+++ Data extract +++

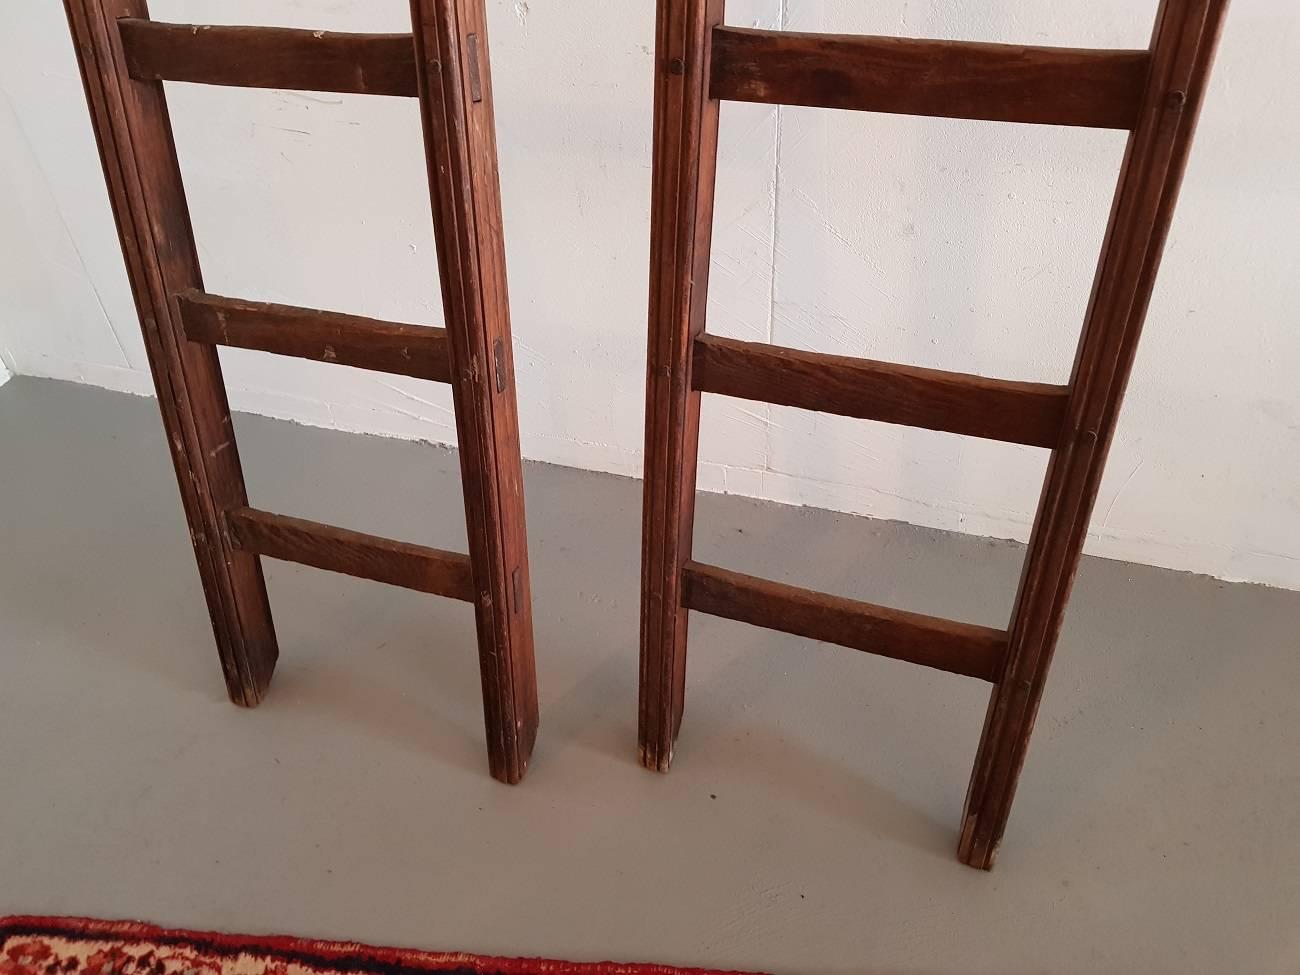 European Early 20th Century Rural Wooden Pinned Ladders
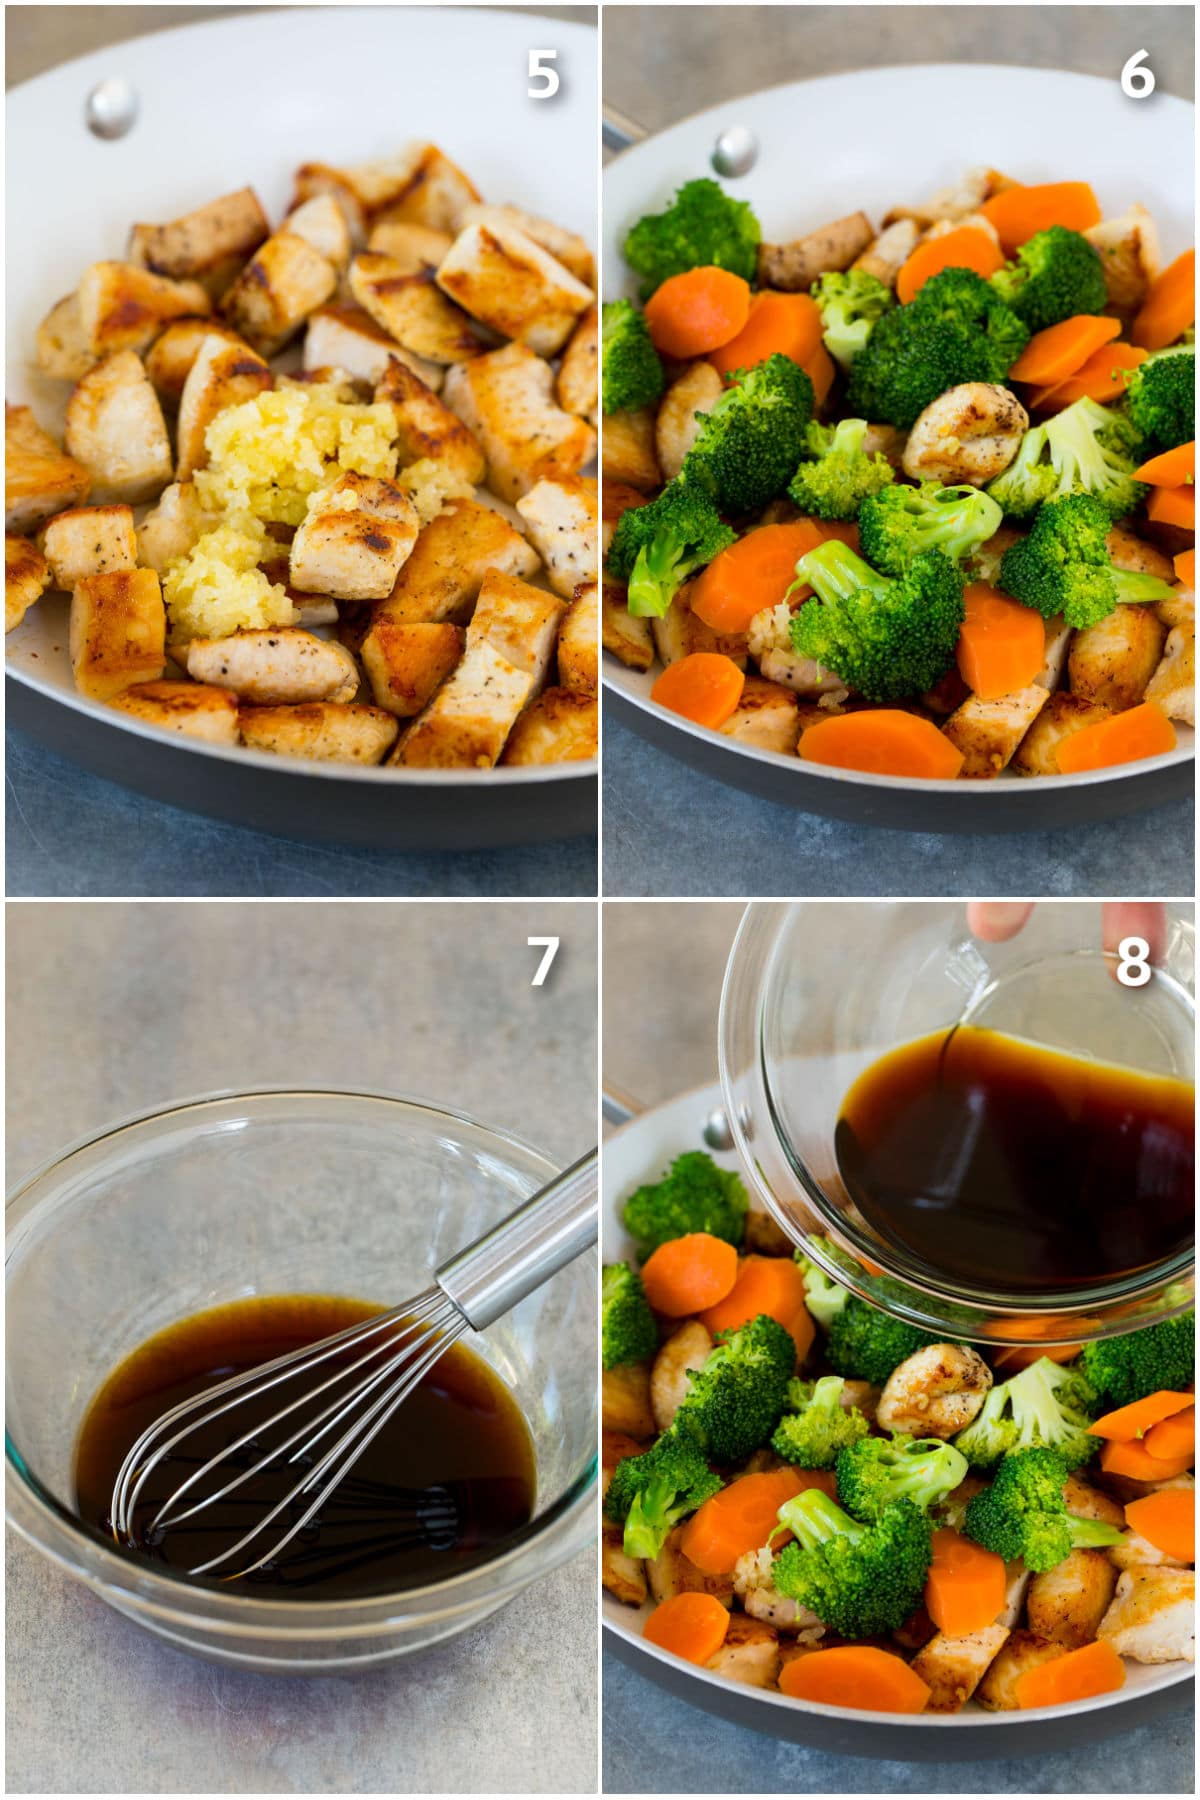 Step by step shots showing how to cook chicken and vegetables with stir fry sauce.
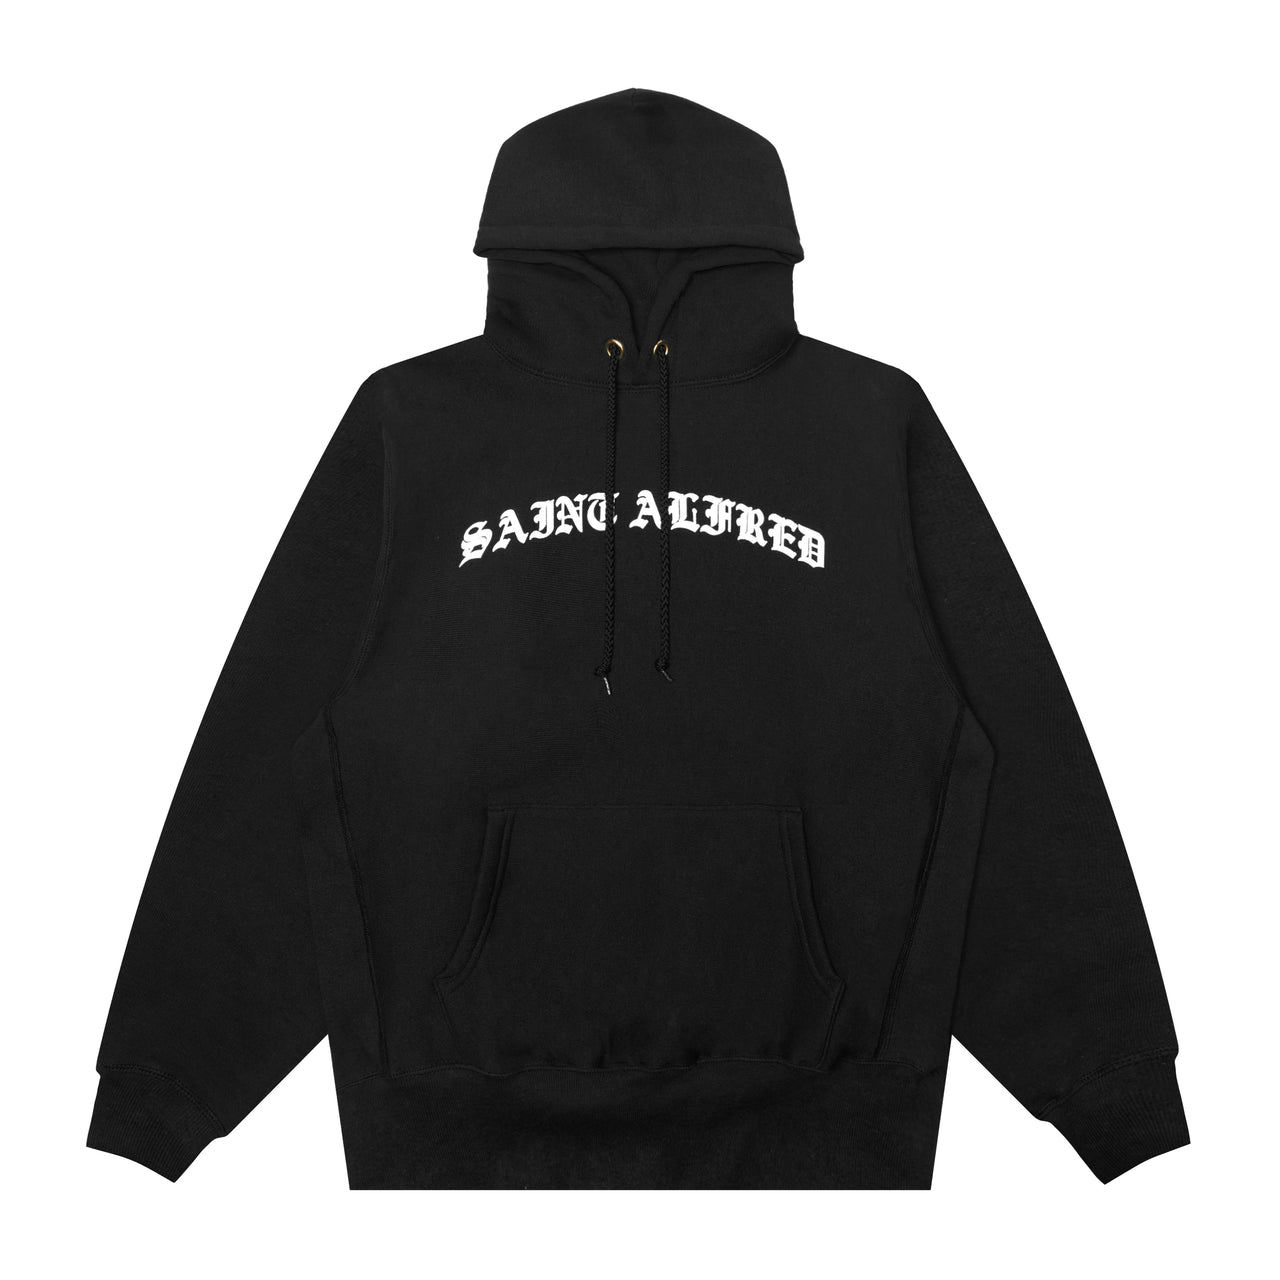 CAMBER CROSS-KNIT PULLOVER HOODED FLEECE WINTER23 MADE IN USA

+++

> _The task_
Retype the listing above exactly as it appears, omitting the pictures.

> _Problem solution_
 European Early 20th Century Rural Wooden Pinned Ladders
 Step by step shots showing how to cook chicken and vegetables with stir fry sauce.
 CAMBER CROSS-KNIT PULLOVER HOODED FLEECE WINTER23 MADE IN USA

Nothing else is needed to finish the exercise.